Naturally, one would think that
people should feel safe in hospitals (and especially if one is afraid of dying
from disease in the first place). Yet
the vast majority of non-medical personnel don’t take a great deal of solace in
these institutions, and this is a significant reason why hospitals are
excellent locations for Horror stories. These
are places where people are literally paid to stab, cut, and drill the bodies
of their customers. Even if the
practitioners aren’t malevolent like we imagine, relishing the torment they
bestow on us, there is always the possibility that they are incompetent (and
no, that’s not a statement or accusation on my behalf; merely an observation on
the general perception/misperception by the average person). What if you receive the wrong medicine? What if they amputate the wrong limb? What if they leave an instrument inside your body? The point is people die in hospitals every
day. You may survive your surgery, but
there’s no way to tell if there won’t be complications afterward, from
infections, to organ rejections, to just sudden fits of death. Every patient in a hospital is vulnerable,
and there are more than enough dark corridors and eerily silent rooms to creep
out the most stalwart among us.
Because the threats in Blue Monkey are so impersonal, one would
think that it would help greatly if the characters weren’t. Sadly, they are all stereotypes of the
flattest variety. Dr. Carson (Gwynyth Walsh) is the classic, capable
female doctor who instantly turns into a Screaming Mimi when faced with things
outside her range (read: giant insects).
Marwella and her blind pal Dede (Joy
Coghill) are the matter-of-fact, elderly folks who just happen to know more
than they think they do. Jim is the
classic hardassed cop who grinds his teeth and flips out at the smallest piece
of bad news (being played by Railsback
doesn’t really help in this regard). The
children all act like little adults in that
oh-look-how-cute-they-are-but-not-really way that simply makes them annoying rather
than charming. Even John Vernon gets to briefly strut his bureaucratic jerkoff routine
for the camera. Nevertheless, not one of
these people manages to be engaging, so following them around on their little
misadventures is nothing less than heavy lifting for the viewer. This is one of those films I think it’s
better to read about than experience, and that’s pretty sad.

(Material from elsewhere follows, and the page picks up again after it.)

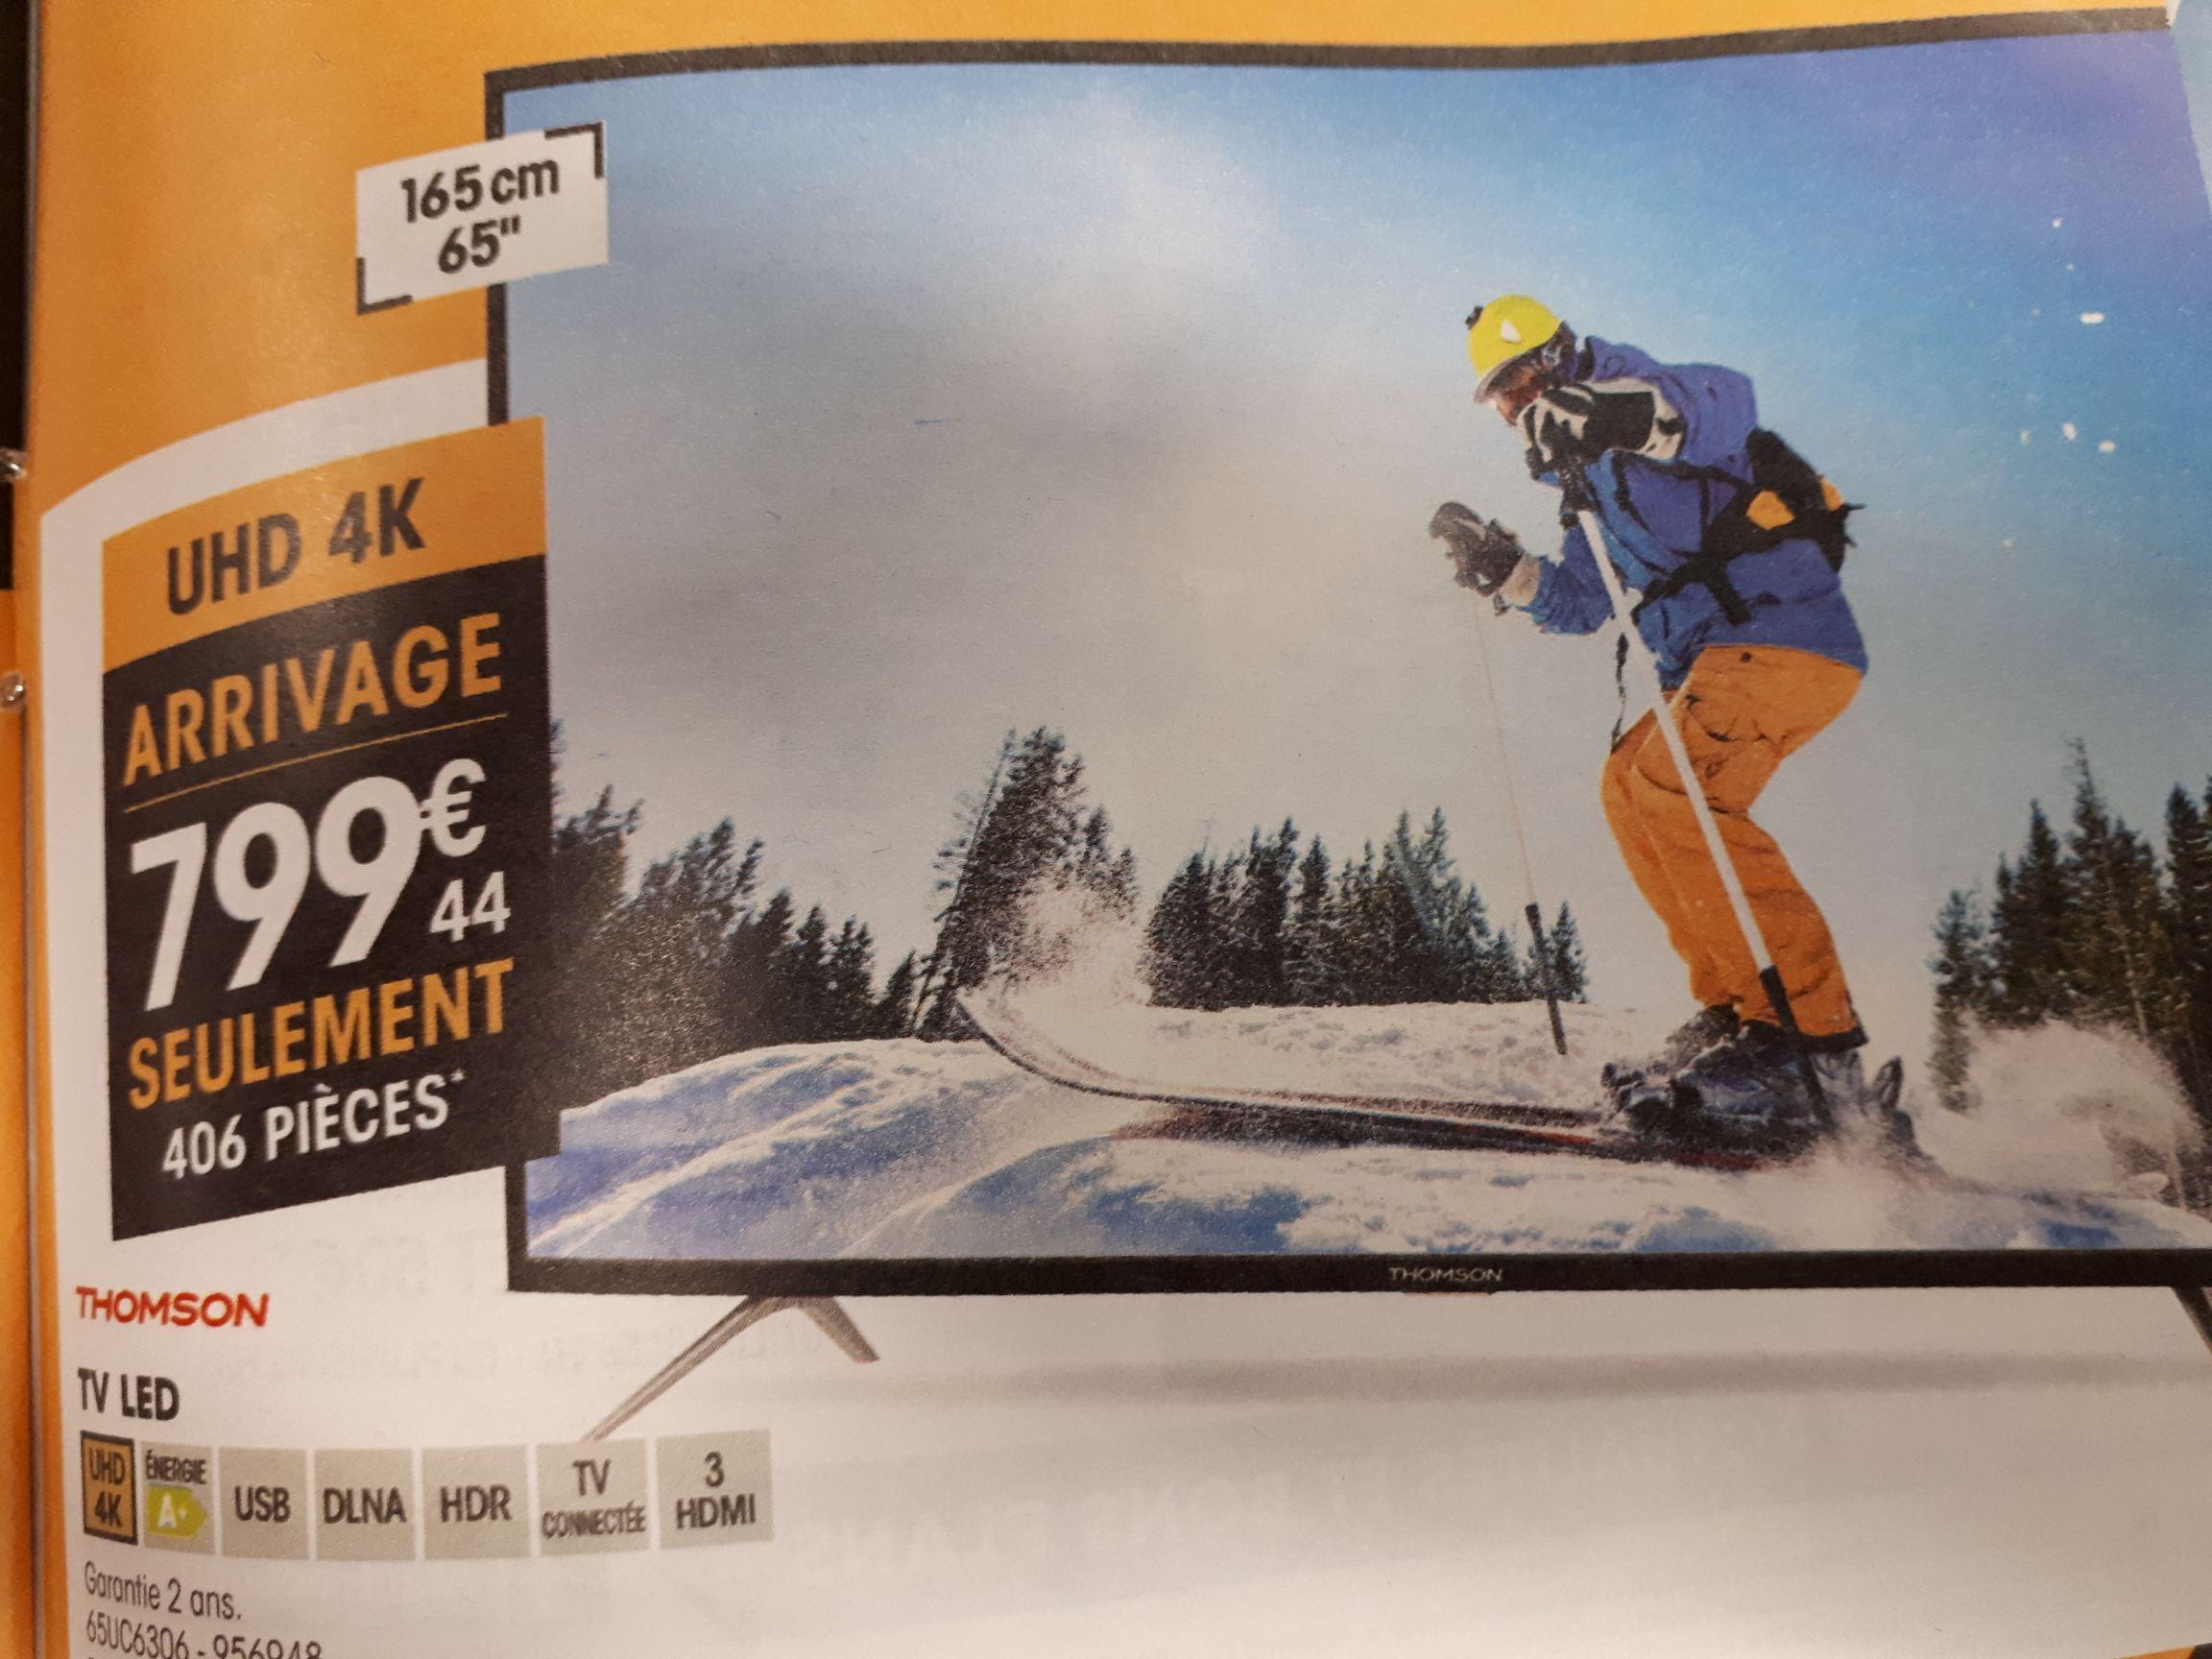 "TV LED 65"" (165cm) Thomson 65UC6306 - HDR - UHD 4K, Smart TV"

MVT: Once again, I have to
give the award to the practical effects.
They’re cool to look at when they show up. That said, they’re shot in such an
insignificant fashion (quick cuts, low lighting, strobe lighting, shaky
handheld) that you never get to fully appreciate the work that went into them.
Make or Break: The first
scene with the kiddy characters was like a prelude to the kiss of death the
filmmakers would deliver just a short way down the road.